Study: Restorative practices can reduce racial disparities in suspensions
A restorative practices program implemented in Pittsburgh Public Schools in the 2015-16 and 2016-17 school years significantly reduced the number of days students were suspended, especially in the elementary grades and among black students, a new RAND Corp. study shows.
Called Pursuing Equitable and Restorative Communities (PERC) — a variation on the International Institute for Restorative Practices’ SaferSanerSchools Whole-School Change program — the model was also associated with an increase in attendance at the elementary level and among students with an Individual Education Program. But the program did not significantly reduce arrest rates, perhaps because students committing violent acts are not referred to the program, and mobility rates also did not decline, except that students were less likely to be placed in an alternative school.

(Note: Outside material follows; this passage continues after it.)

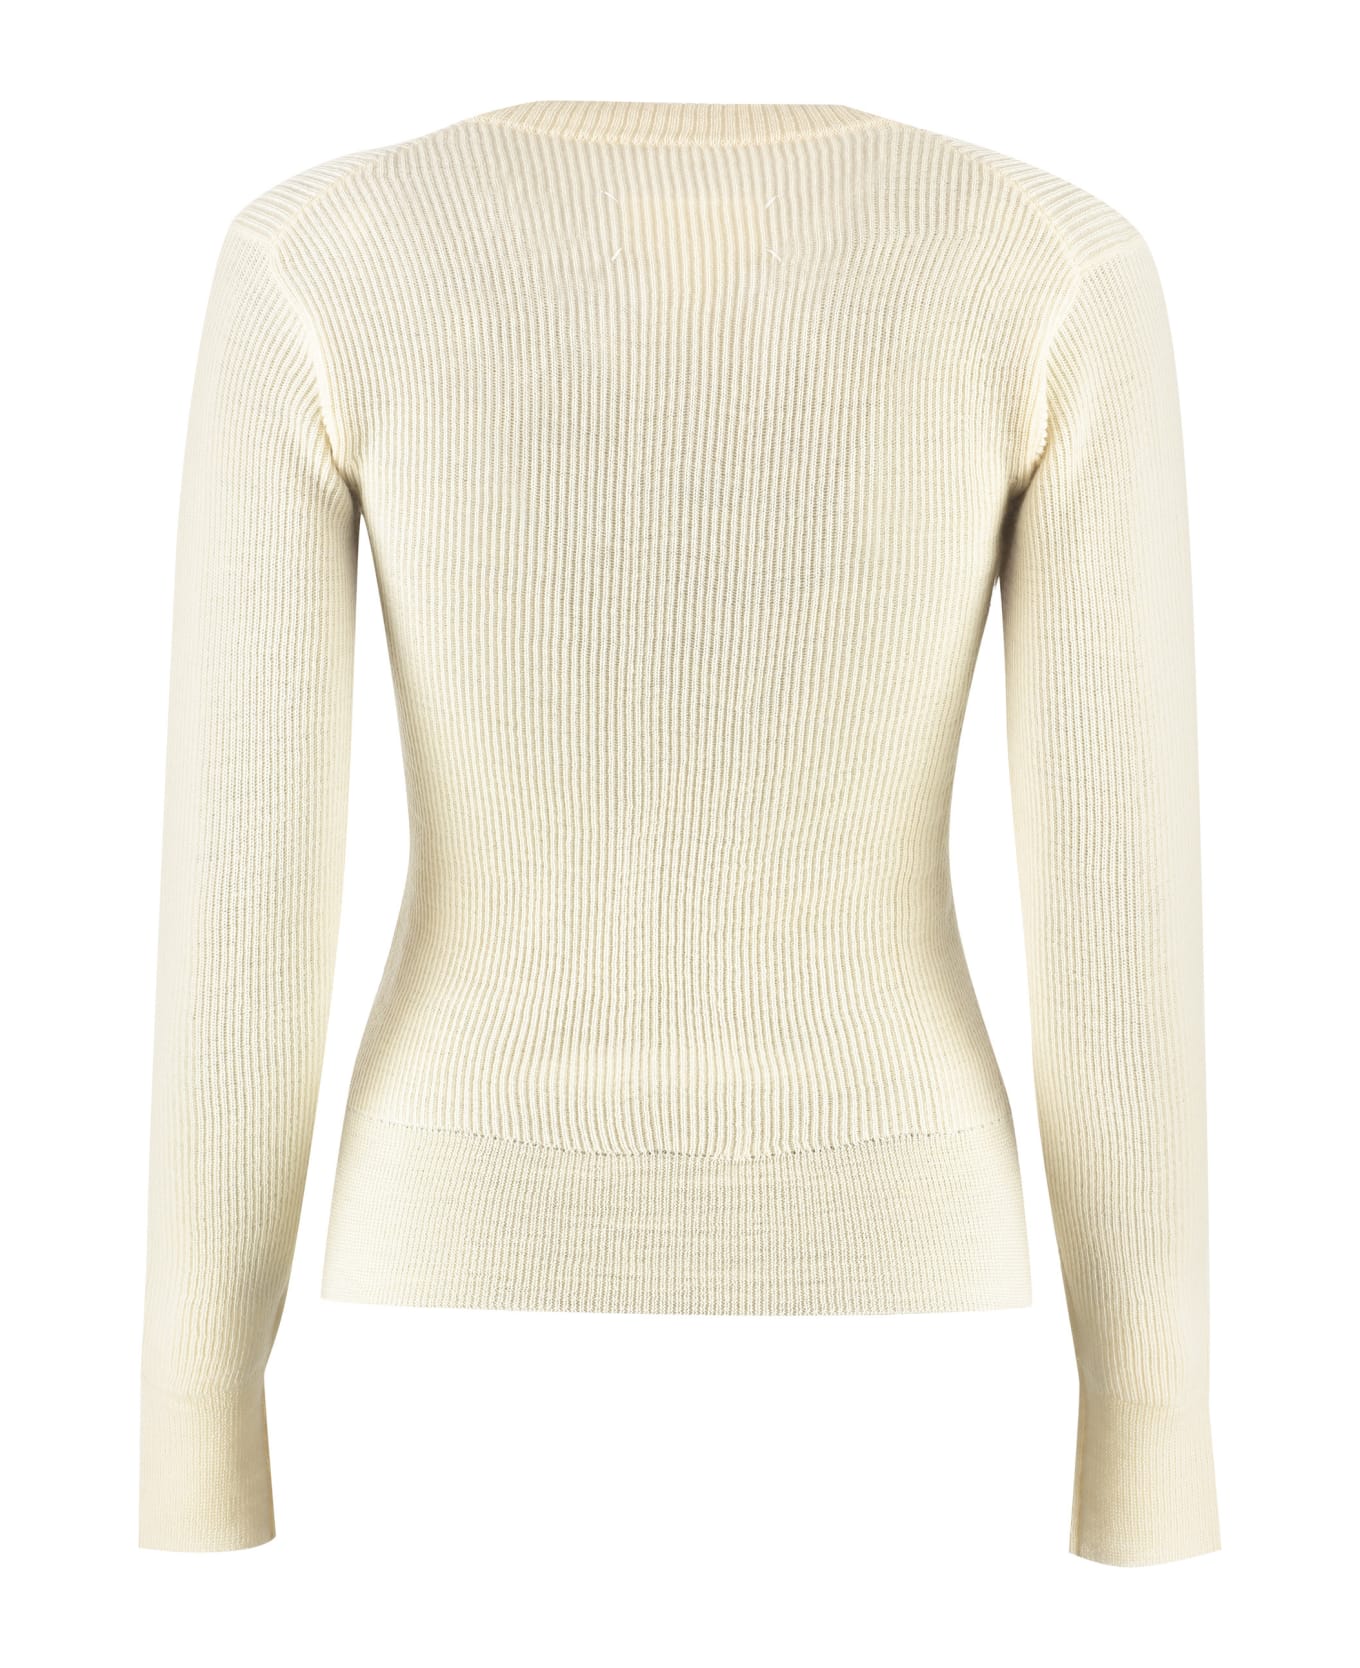 Maison Margiela Ribbed Sweater - White ニットウェア
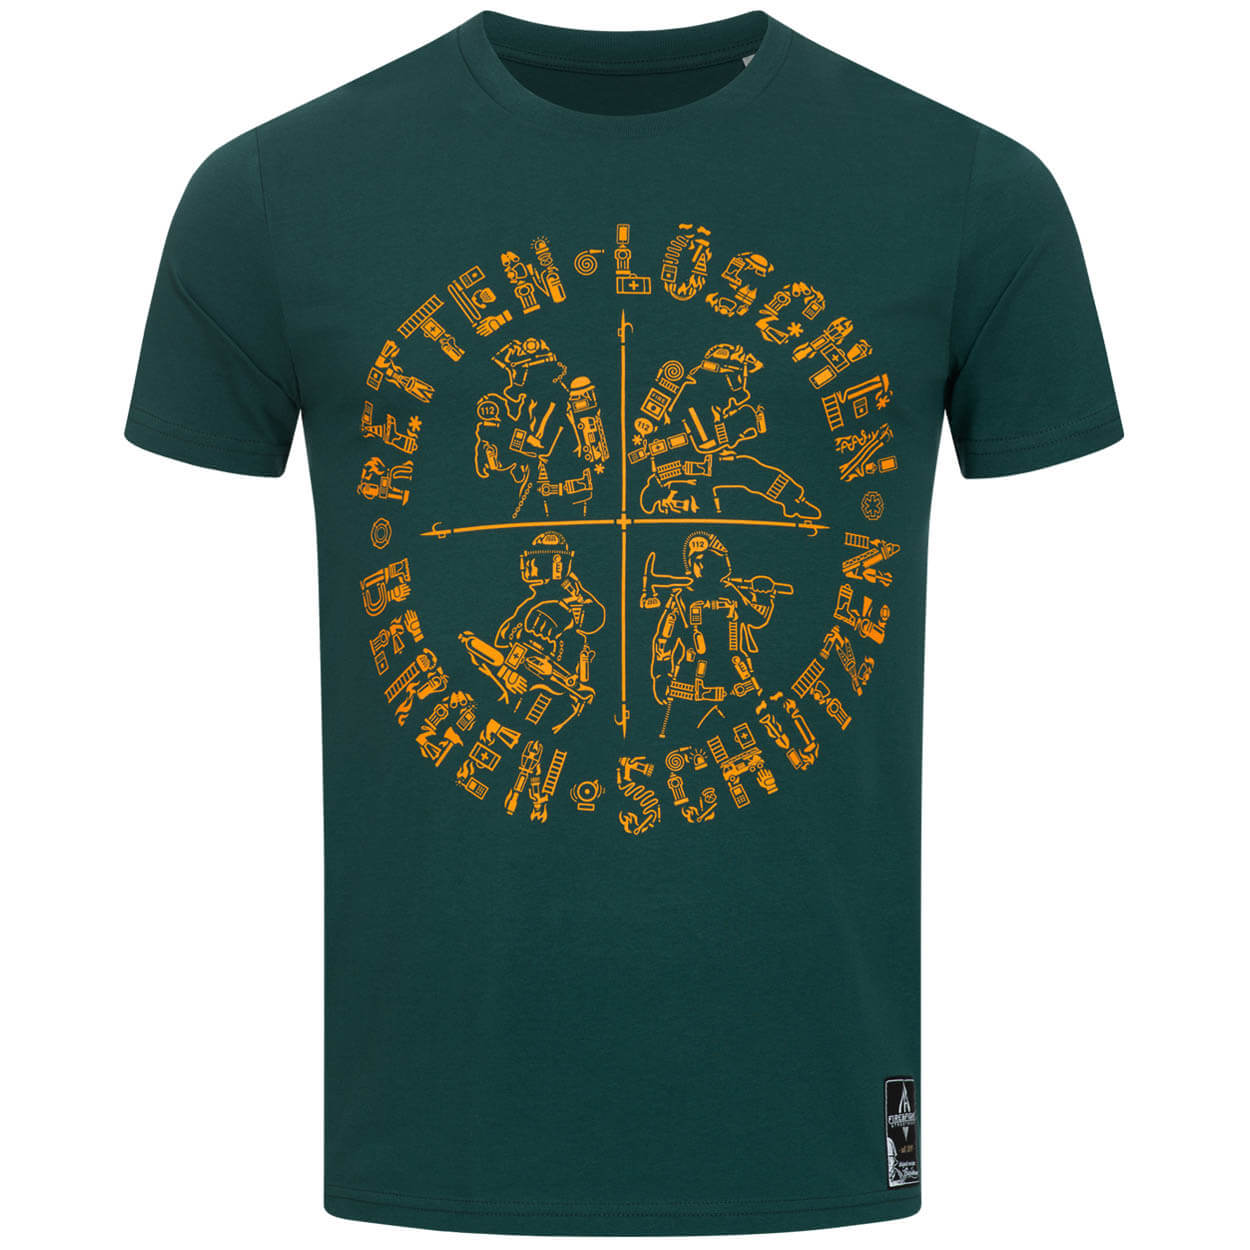 Retten Löschen Bergen Schützen - Männer T-Shirt green

The randomized controlled trial also shows some puzzling effects on achievement. In PERC schools, performance on the state math assessment actually declined at the middle school level and among black and white students in majority-black schools, but the researchers suggest this may have more to do with how the program was implemented and not the students themselves — and while teachers surveyed didn’t credit the program with improving behavior, they did say it was improving their relationships with students.
Interest in using restorative practices to reduce racial disparities in discipline has grown in response to data showing that students of color are far more likely than white students to be suspended. Even though the Federal Commission on School Safety, under U.S. Secretary of Education Betsy DeVos’ leadership, has recommended rescinding Obama-era guidance meant to reduce these disparities, many schools and districts are likely to continue implementing programs that give students another way to answer for their behavior.
While the study shows that restorative practices can reduce such disparities, teachers surveyed in the district said they didn’t think it was an effective approach for some “repeat offenders,” especially those with mental health issues, suggesting that schools will need additional strategies for students with ongoing behavior challenges.
The researchers make several recommendations for schools and districts considering implementing or expanding restorative practice programs, such as weaving it into the school day, having a district-level administrator to support implementation, providing professional development for all school staff members, and collecting accurate data to determine whether the program is being used as intended and reducing negative behavior. The researchers also note that when school leaders model restorative practices, teachers are more likely to implement the principles.
An IIRP coach was also assigned to each PERC principal, but principals reported being unsure of what was expected during the coach visits and thought they should be more frequent.